Scaling AppSec at Netflix with Cosmos Microservices

Felipe Hlibco

May 27, 2022

Netflix launches new microservices daily. Not weekly. Daily.

When your architecture is thousands of services deep and growing at that pace, you can’t secure it with manual reviews and quarterly audits. You just can’t. The only viable strategy is automation plus queryable data, and Netflix’s engineering team has written openly about how they’ve built exactly that.

Their Scaling AppSec blog post lays out an approach that I think any engineering leader running a microservices architecture should study — not to copy Netflix’s specific tooling, but to understand the organizational model behind it.

Cosmos: The Platform That Makes It Possible #

Netflix’s Cosmos platform has been in production since 2019, with roughly 40 services by 2021. It combines microservices, asynchronous workflows, and serverless functions with built-in observability.

The important part for security? Cosmos gives the AppSec team a consistent surface to work with.

When every service is built on the same platform, security controls can be baked into the platform itself rather than bolted onto each service individually. Secure defaults, standard authentication patterns, consistent logging — these become platform features rather than per-team responsibilities.

This is the “Secure by Default” pillar in Netflix’s framework, and it’s the one I find most transferable to other organizations. If your platform handles auth, secret management, and input validation correctly out of the box, individual teams don’t need to reinvent those wheels (or get them wrong).

Organization as Architecture #

Netflix structures their AppSec function into two tracks: Partnerships and Engineering.

The Partnerships team provides strategic security guidance to product teams; they’re embedded advisors, not gatekeepers. The Engineering team builds the automation and tooling that scales security beyond what human reviewers can cover.

This split reflects Netflix’s broader “Context not Control” culture. They don’t have a security team that approves or blocks deployments. They have a security team that builds guardrails and provides context so that product teams can make good decisions autonomously.

The distinction matters: gatekeeping creates bottlenecks; context creates informed decision-makers.

Three Pillars Worth Stealing #

The Netflix AppSec strategy rests on three investment areas:

Secure by Default means the platform handles the common security patterns so teams don’t have to. Authentication, authorization, encryption in transit — if your platform provides these correctly, you’ve eliminated entire categories of vulnerabilities before any application code is written.

Security Self-Service gives product teams the tools to answer their own security questions. Vulnerability dashboards, dependency scanners they can run on demand, security linting in CI. The goal is reducing the AppSec team’s role from “answerer of questions” to “builder of tools that answer questions.”

Vulnerability Scanning at Scale covers the software supply chain. Every dependency, every container image, every infrastructure component — scanned continuously, with results mapped to service ownership so the right team gets the alert.
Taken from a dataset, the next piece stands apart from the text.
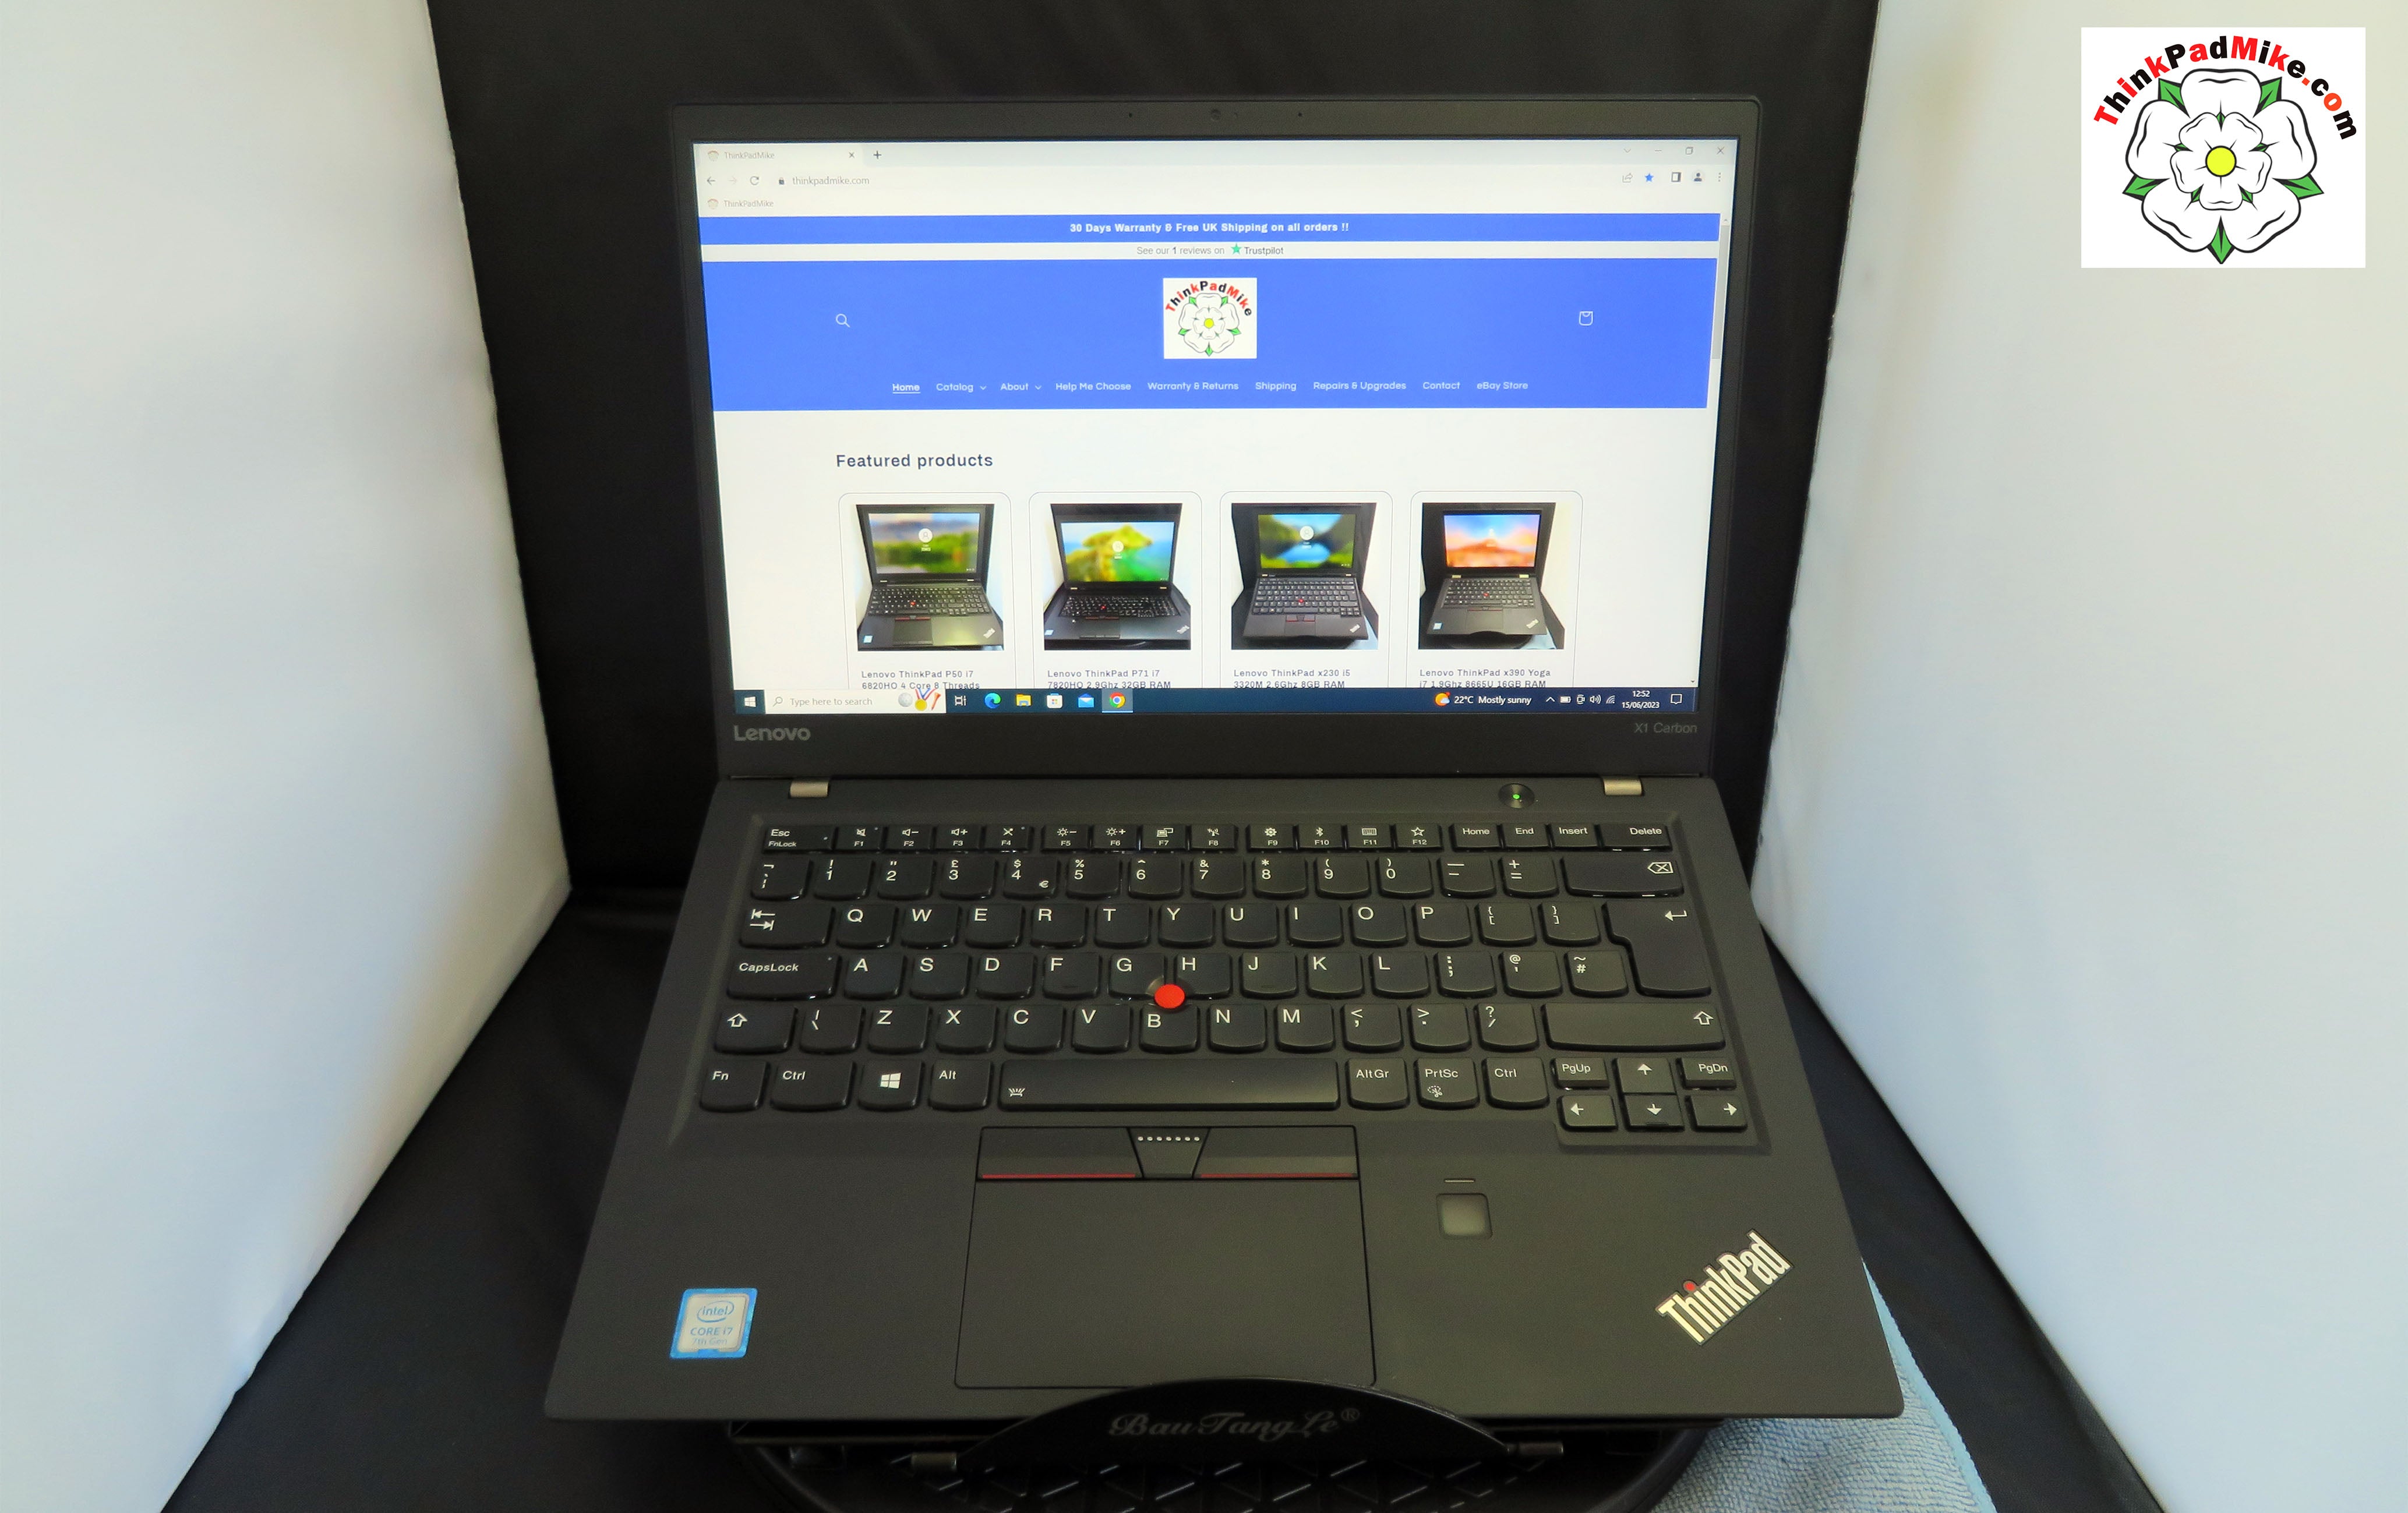 Lenovo ThinkPad x1 Carbon 5th Gen i7 7500U 2.7Ghz 8GB RAM 256GB

At Netflix’s scale, this requires mapping relationships between infrastructure components to identify cascading risk from a single vulnerability. One vulnerable library can touch hundreds of services. You need to know which ones.

The Takeaway for Non-Netflix Teams #

You don’t need Netflix’s scale to apply Netflix’s thinking.

The core insight is simple: security that depends on human reviewers catching things doesn’t scale. Security that’s automated, queryable, and built into the platform does.

Start with your deployment pipeline. What security checks run automatically? What requires a human to remember to do it?

Every manual step is a step that will eventually be skipped. Make the secure path the default path, and most of your problems solve themselves.